These days almost no new movie project being announced can surprise anybody. The success (both critical and commercial) of Warner Bros' The LEGO Movie has changed the way that studios think about leveraging commercial brands within feature films, looking to increasingly unconventional properties as potential "outside the box" material for narrative films. Fox has had Play-Doh: The Movie in development for about a year, and esoteric fare like Viewmaster and Magic 8-Ball have been optioned elsewhere.
Nevertheless, few upcoming projects were greeted with as many curious expressions as The Emoji Movie: a pitch Sony acquired the rights to after a fierce bidding war. Sony officially announced the orginal animated feature at the 2016 CinemaCon in Las Vegas, offering fans and journalists the first glimpse at exactly what kind of story the studio aims to tell with the project.

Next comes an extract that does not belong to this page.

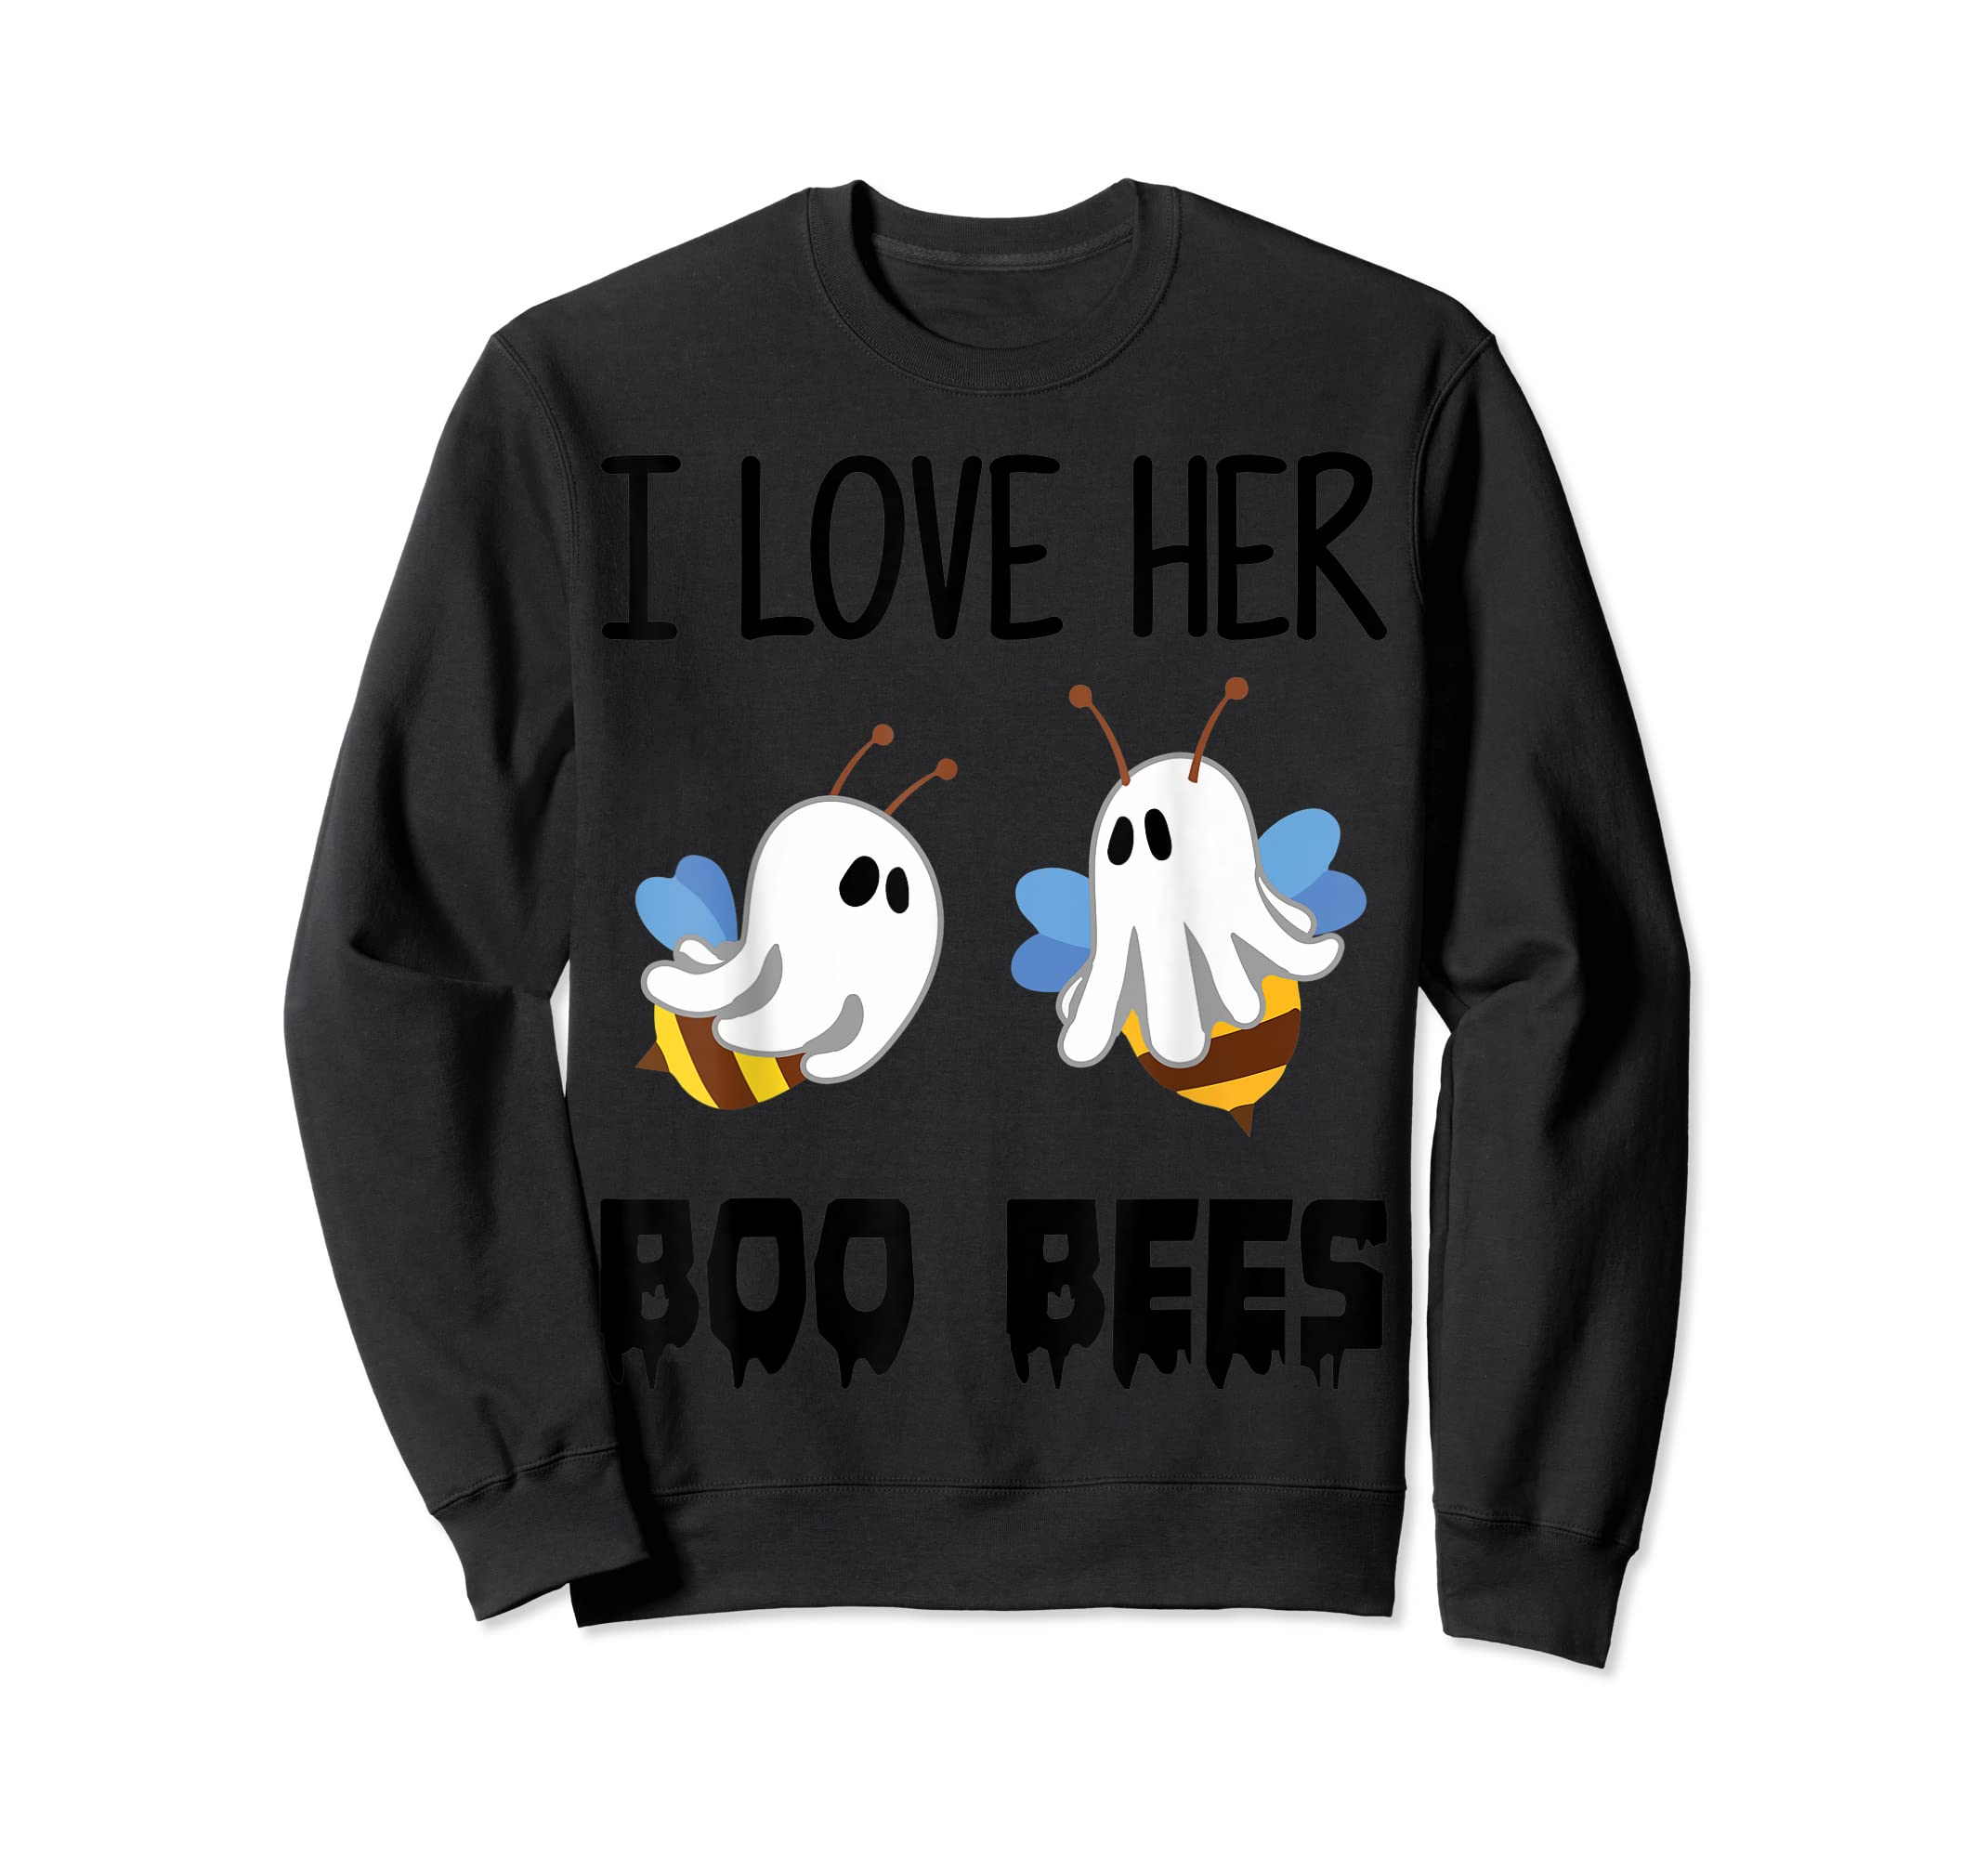 I Love Her Boo Bees Couples Funny Halloween Costume Gift T-Shirt-Sweatshirt-Black
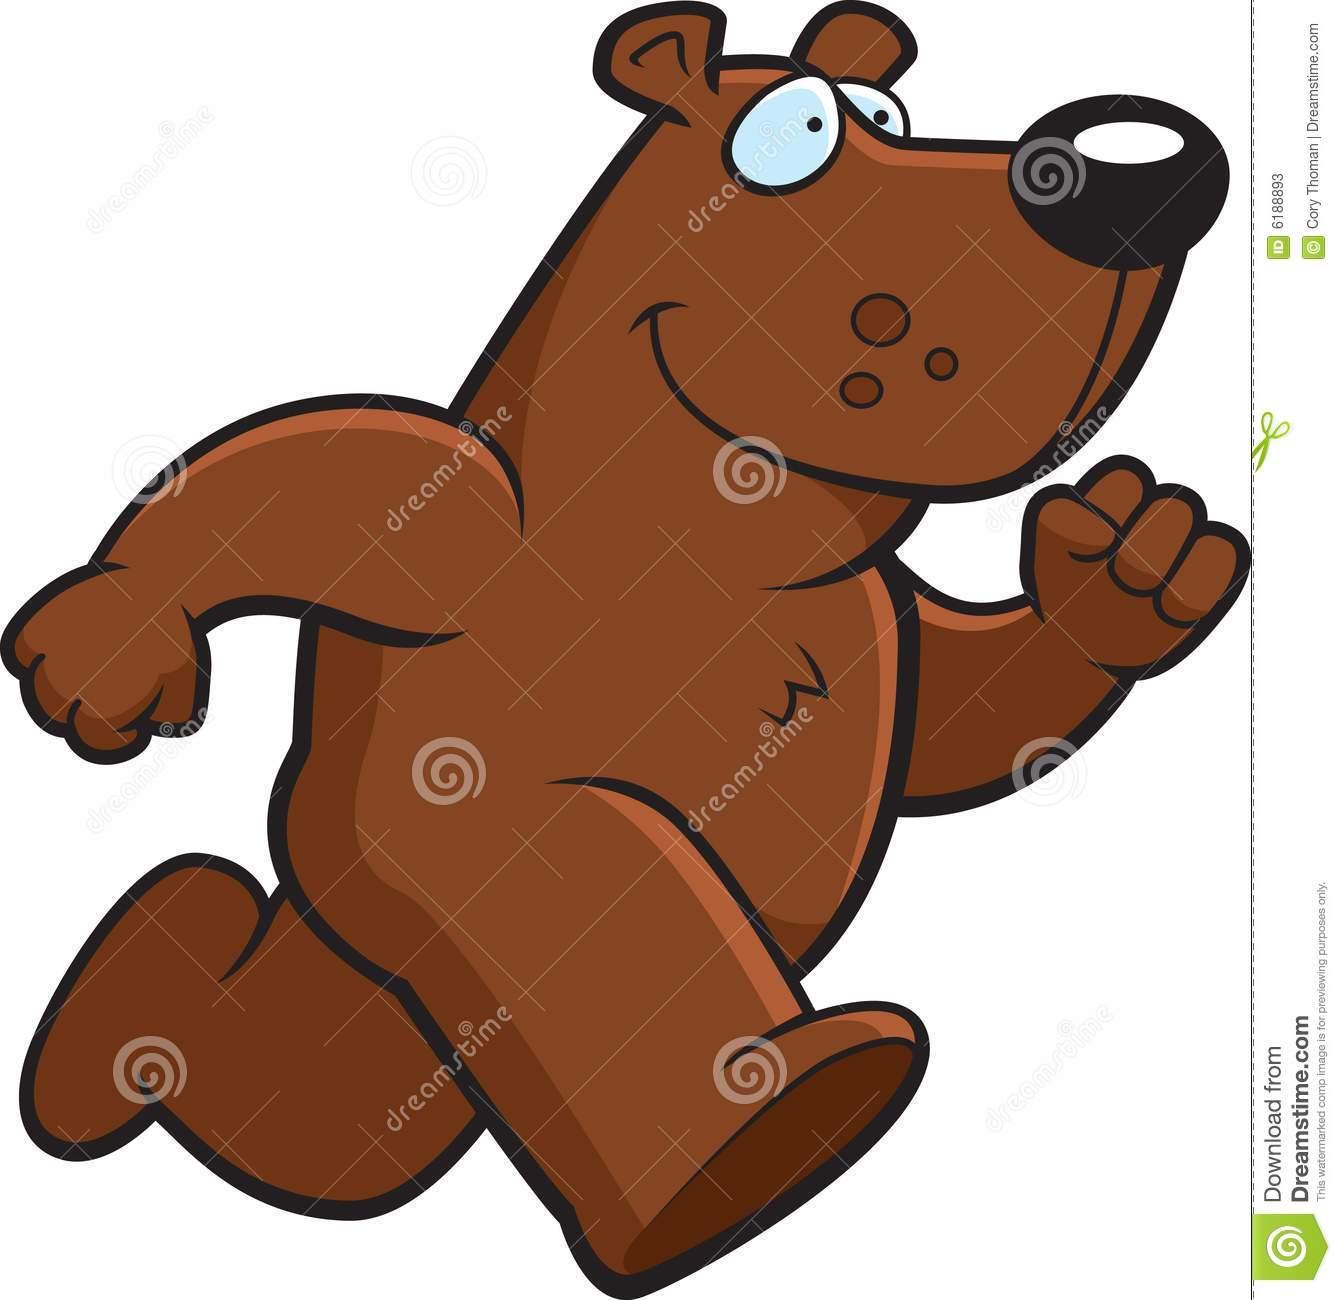 Bear running clipart » Clipart Portal.

While the response to the project by many has been skepticism as to both why and how anyone would attempt to build a feature film out of the ubiquitous smiley-face graphics used to denote emotion in text messages and on social media, the studio's presentation made it immediately clear that The Emoji Movie (which may get a different title in the future) is viewed by the studio as a major branding opportunity: The film will take place within the digital world of a smartphone, and the studio is angling for the makers of popular existing apps to join up as commercial partners on the project in order to see their products featured as part of the storyline.
The film's setup (the original pitch and screenplay came from the writing duo of Eric Siegel and animation veteran Anthony Leondis) appears similar to that of earlier "digital world" films like Tron and Wreck-It-Ralph, but relocated into the language of smartphones. Explained Sony Pictures Animation President Kristine Belson:
“Inside your phone, there’s a secret world– and we enter through the text app where we discover Emoji Valley, where the industrious Emoji live and work.”
The storyline will involve the main characters (presumably the Emoji themselves) leaving Emoji Valley for the broader world of their phone's homescreen, where they discover that they can enter the other worlds that exist within each individual app. According to Belson, this will involve imaginative scenarios like the Emoji riding boats on an actual stream representing the world of the music-streaming app, and a report by The Wrap reveals that streaming giant Spotify has already closed a deal for their service to sponsor this segment of the film. In the same presentation, Sony chairman Tom Rothman elaborated:
“We have a number of power brands returning relaunching or being reintroduced — and yet at Sony we also believe that it is vital to maintain a commitment to originality.”
Sony's official confirmation of the film comes as part of a renewed push for original features by the studio's animation division. In addition to The Emoji Movie, Sony Pictures Animation is also developing an original animated Spider-Man movie (separate from the live-action Spider-Man: Homecoming), an all-animated reboot of The Smurfs (unrelated to the two earlier live-action/CGI features) and The Lamb, a "faith-based" animated feature reportedly based around animals from the Nativity story.
The Emoji Movie is currently set to reach U.S. theaters on August 11th, 2017.